§ **Exercise objective**
With the pictures removed, write out the full listing below exactly.

§ **Data extract**

---

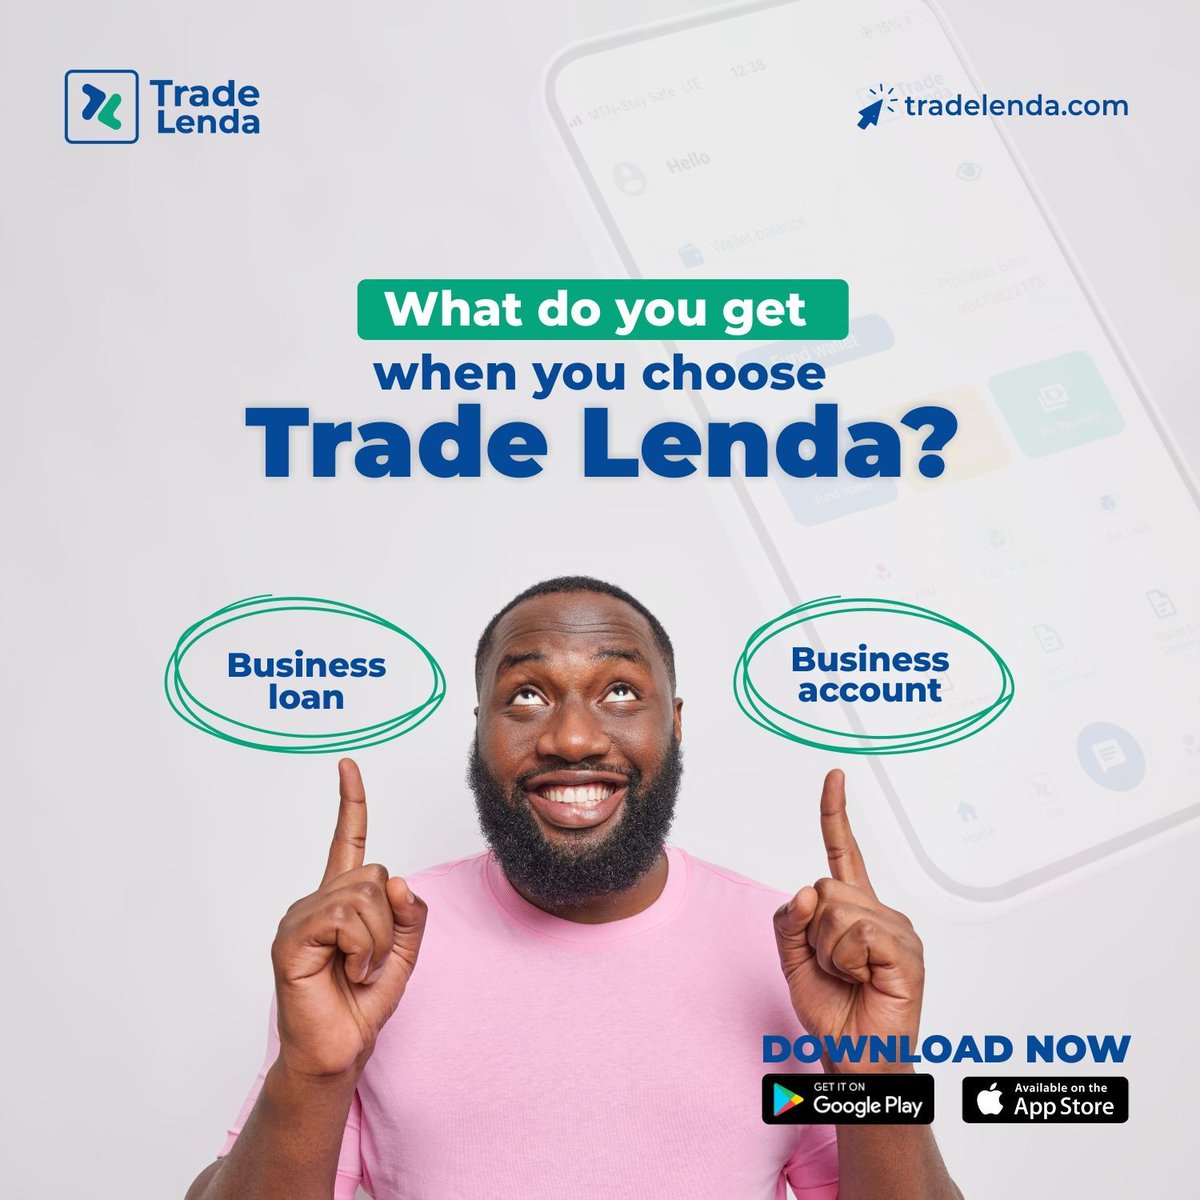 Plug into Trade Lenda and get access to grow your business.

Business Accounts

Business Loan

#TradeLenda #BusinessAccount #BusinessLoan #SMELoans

---

§ **Problem solution**
 Plug into Trade Lenda and get access to grow your business.

Business Accounts

Business Loan

#TradeLenda #BusinessAccount #BusinessLoan #SMELoans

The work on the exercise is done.